■ **RECORDED INFORMATION**
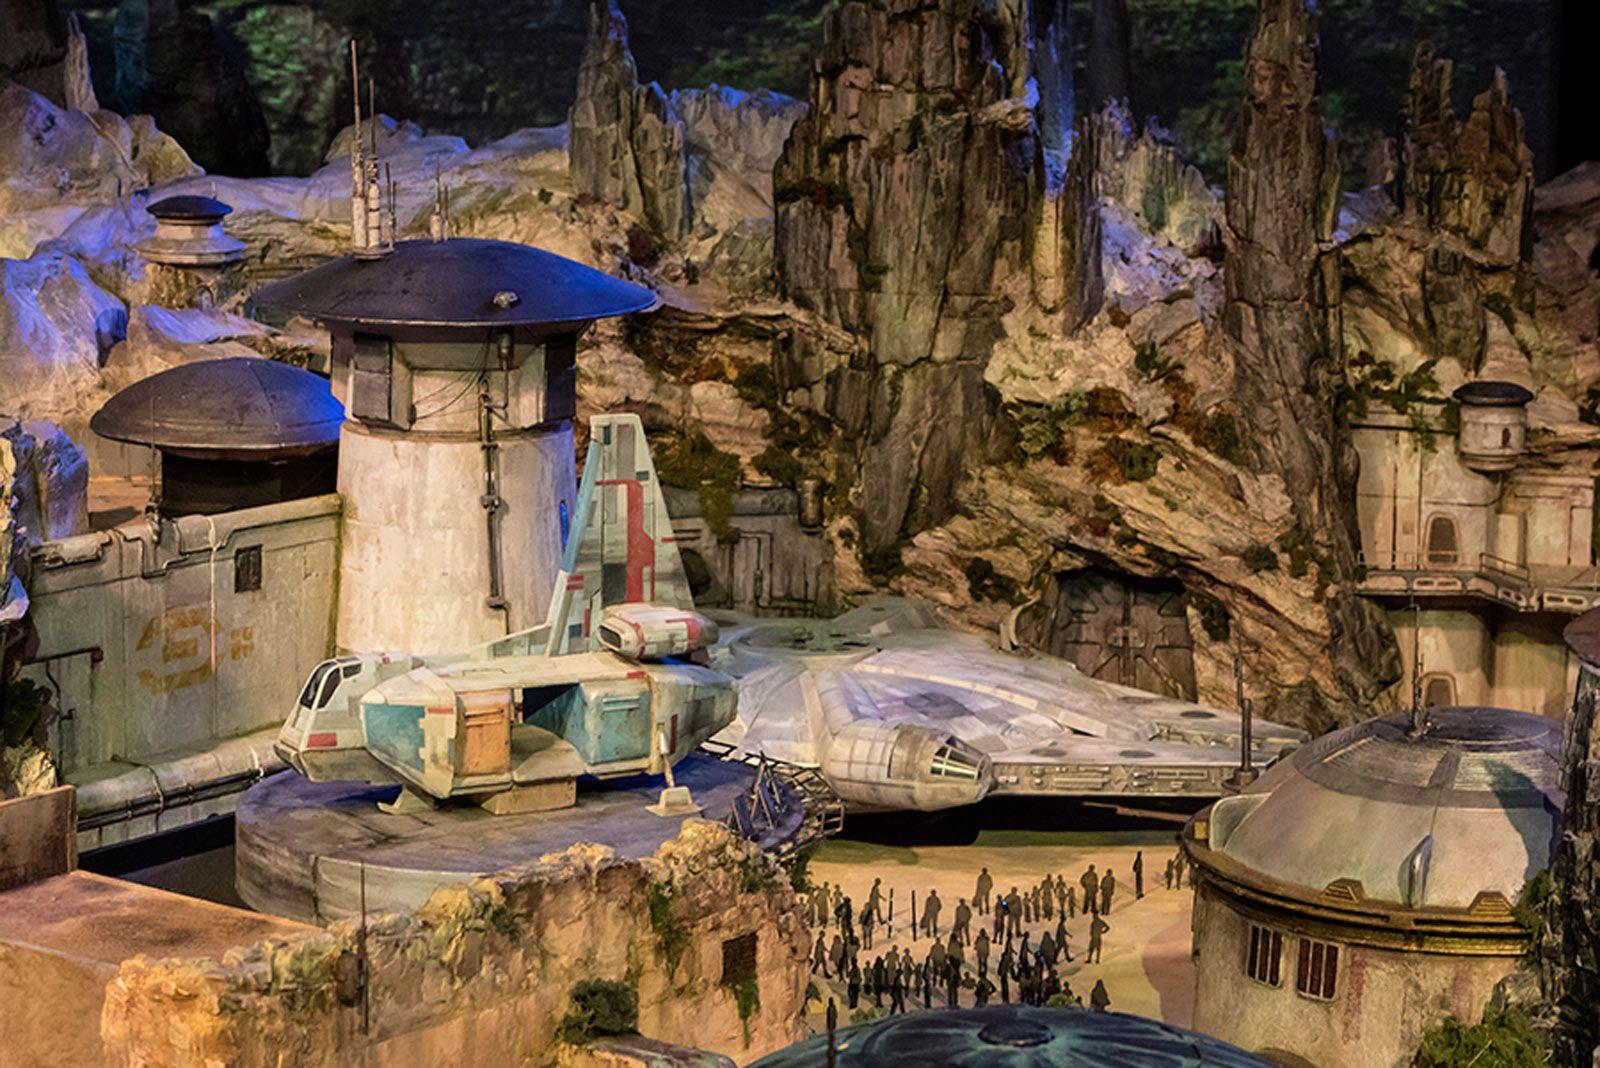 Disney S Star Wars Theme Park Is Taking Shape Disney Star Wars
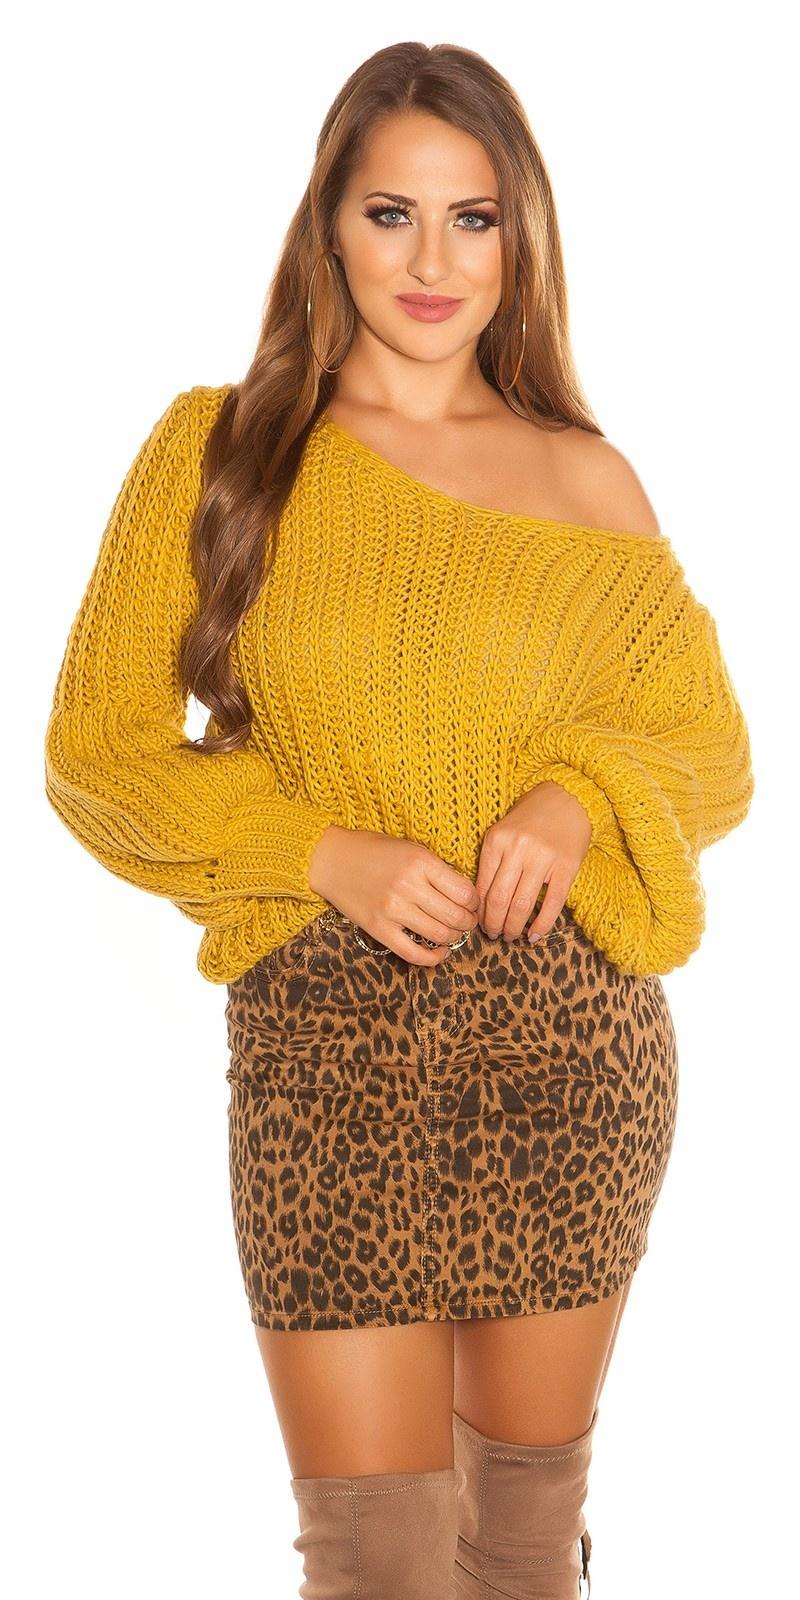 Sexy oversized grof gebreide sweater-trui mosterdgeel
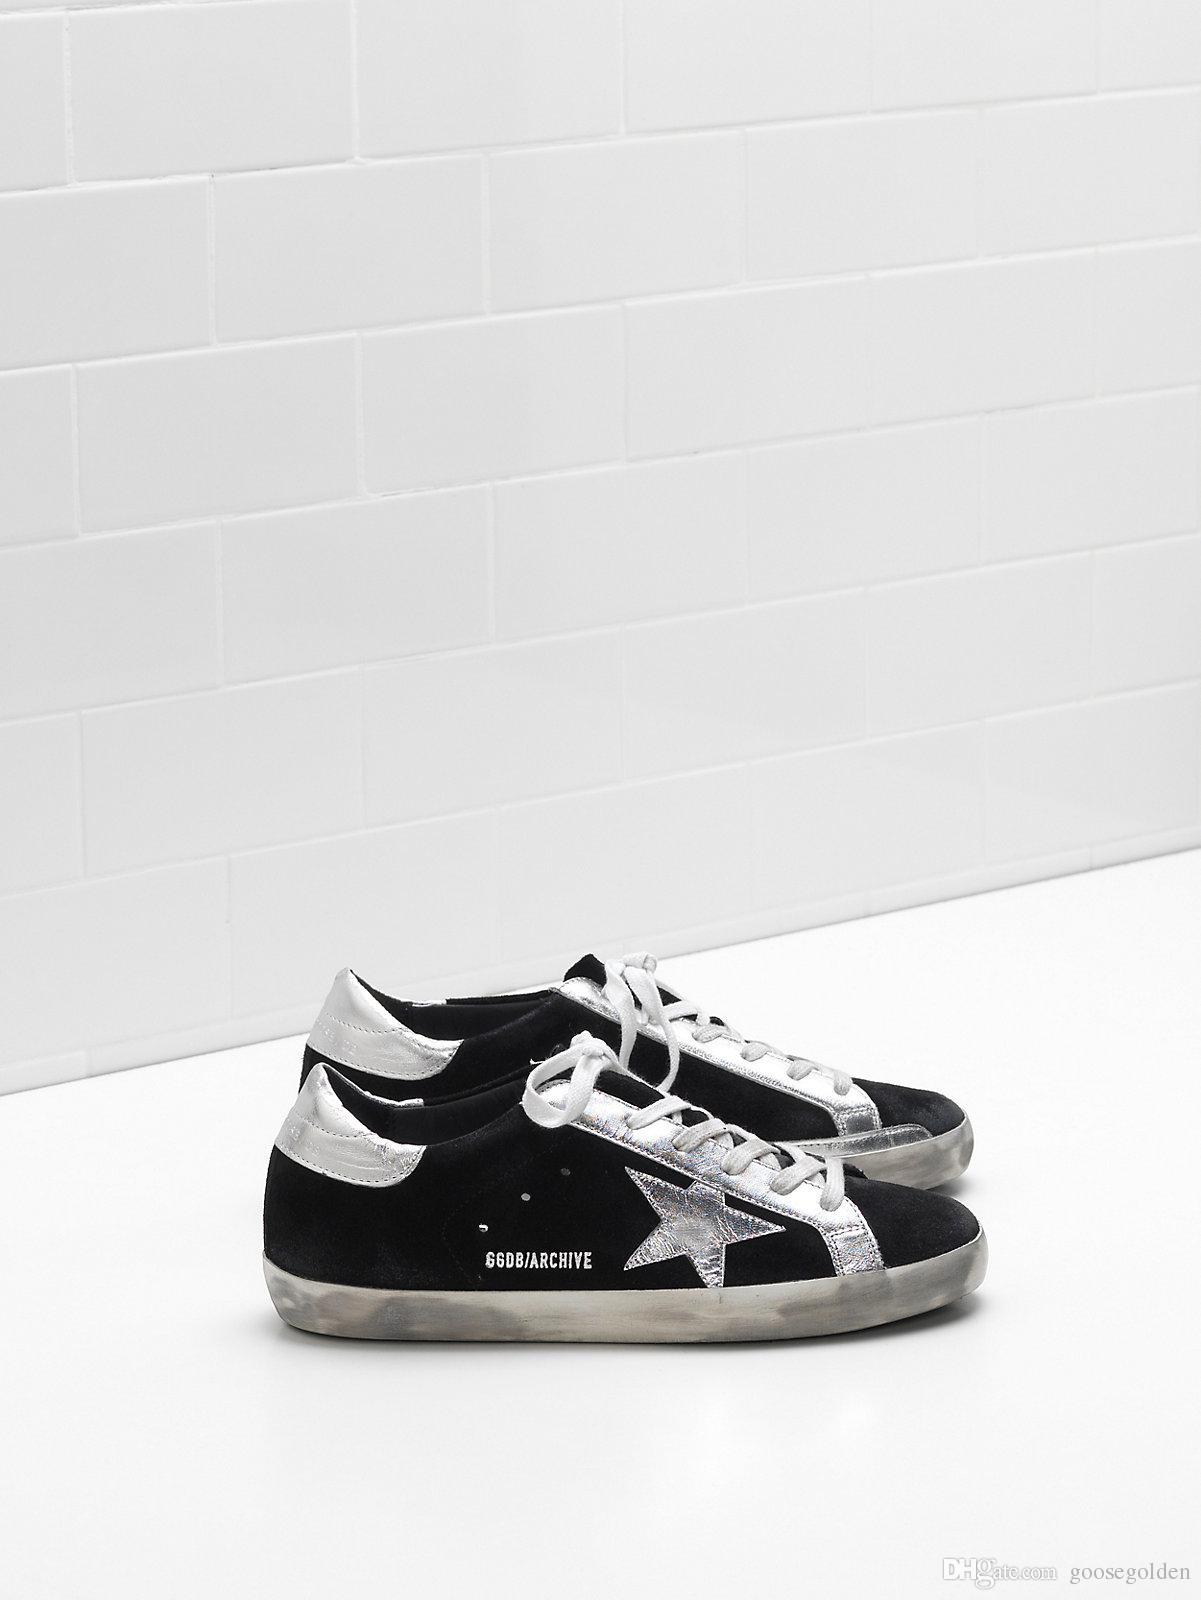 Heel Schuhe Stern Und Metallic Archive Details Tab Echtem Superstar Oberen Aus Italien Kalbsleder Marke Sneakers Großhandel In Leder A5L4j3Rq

■ **WHAT THIS TASK INVOLVES**
Retype the whole listing. Keep every word exact but include no pictures.

■ **SOLUTION TO THIS PROBLEM**
 Disney S Star Wars Theme Park Is Taking Shape Disney Star Wars
 Sexy oversized grof gebreide sweater-trui mosterdgeel
 Heel Schuhe Stern Und Metallic Archive Details Tab Echtem Superstar Oberen Aus Italien Kalbsleder Marke Sneakers Großhandel In Leder A5L4j3Rq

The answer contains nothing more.